The limiting factor is not sequencing, it's the computational biology. But we are getting there.

At 30 days after PCI, they saw only the CYP2C18 and CYP2C19 cluster "and nothing else." This singular influence of CYP2C18/9 locus at 30 days of maintenance clopidogrel after PCI means it's "unlikely that other protein-coding variants have a large effect on response variability at this time point," Price noted.

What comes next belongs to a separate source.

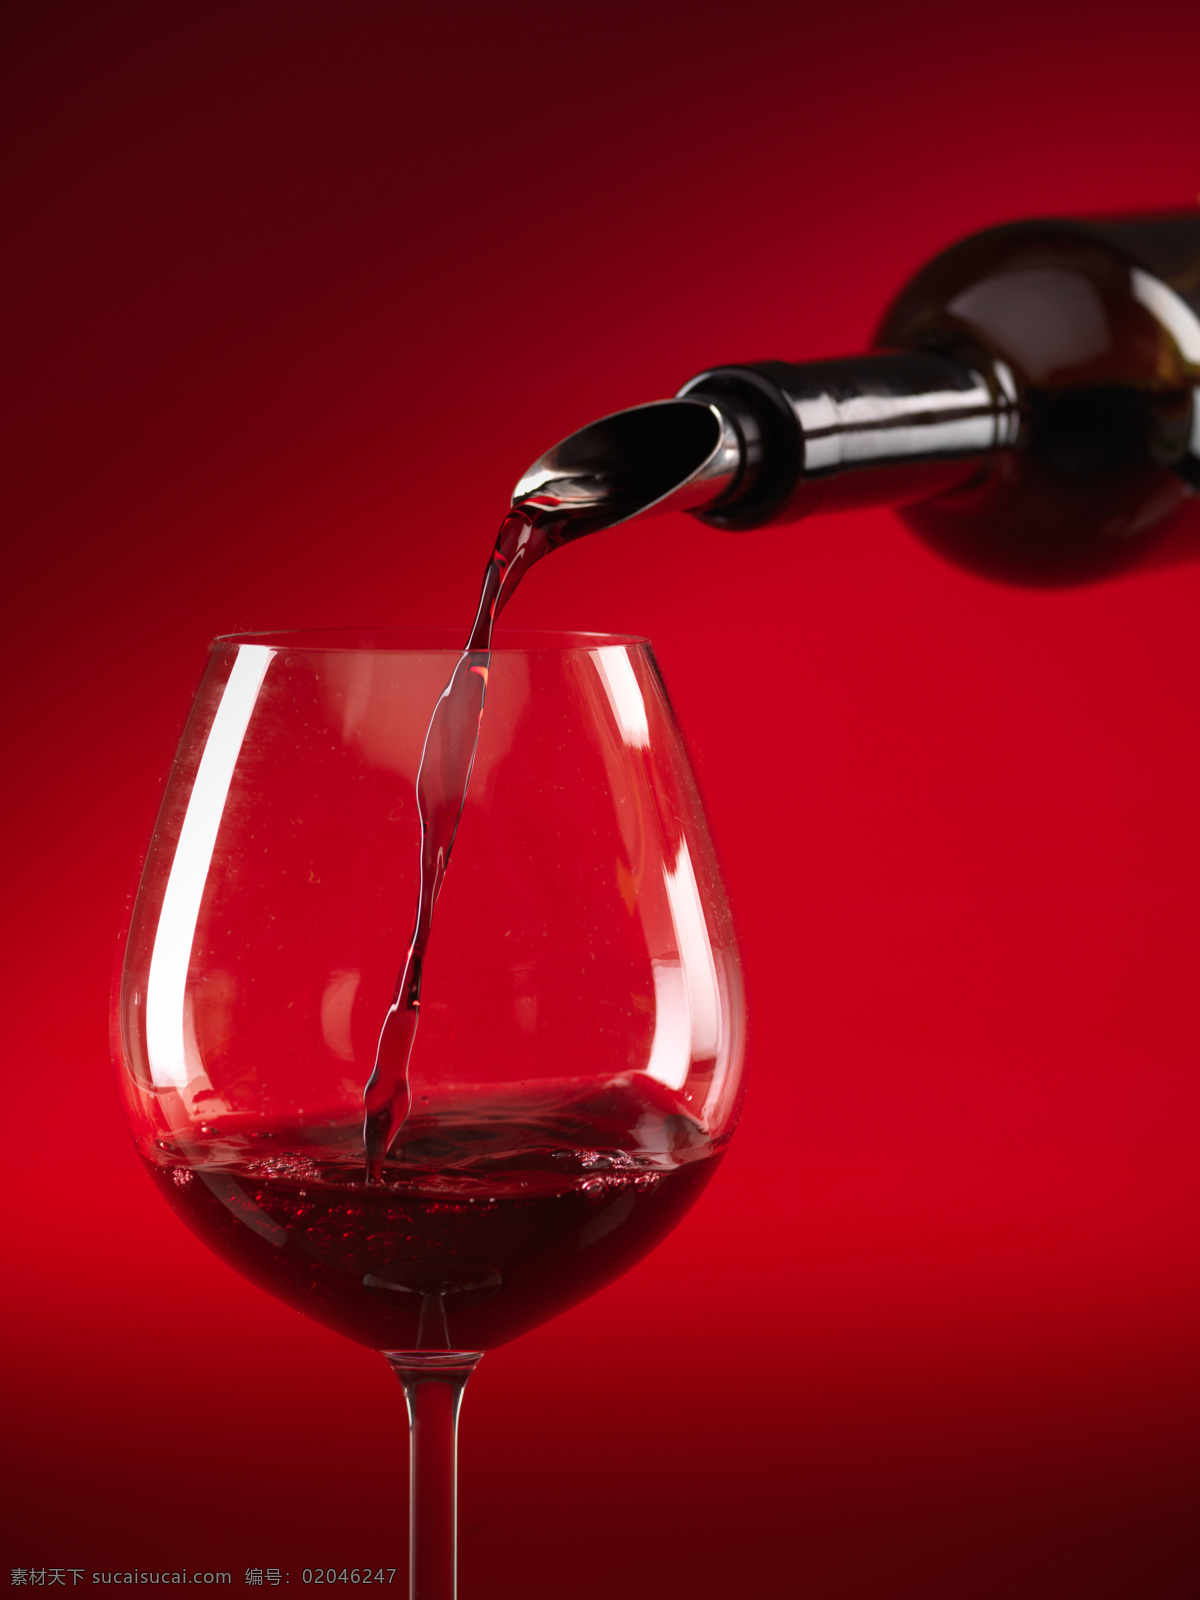 红酒和高脚杯 饮料 饮品 酒类 红酒 葡萄酒 高贵 典雅 高脚杯 倒酒 液体 流动 酒水饮料 餐饮美食 红色

He added that while the findings have to be considered "preliminary, identification of two genes critical to platelet function among the 21 000 sequenced genes lends credibility to the validity of the result."

The next step is to validate these results in more than 1000 patients, which is ongoing, he says. He adds that exome sequencing is becoming more feasible: "The most expensive part is the reagents, but we were down to a little more than a $1000 per genome (per person), and every month it's getting cheaper and cheaper. The limiting factor is not sequencing, it's parsing through the data, the computational biology. But we are making progress, we are getting there."

GIFT was supported through a grant from Bristol-Myers Squibb/Sanofi, and exome analysis was made possible by a grant from Molecular Response and in-kind support from Agilent Technologies. Price reports consulting honoraria from Bristol-Myers Squibb/Sanofi, Accumetrics, DSI/Lilly, Merck, Janssen, AstraZeneca, the Medicines Company, and Medicure; speaker honoraria from DSI/Lilly and AstraZeneca; research support from Bristol-Meyers Squibb/Sanofi, Quest Diagnostics, Accumetrics, and Molecular Response; and equity interest in Iverson Genetics.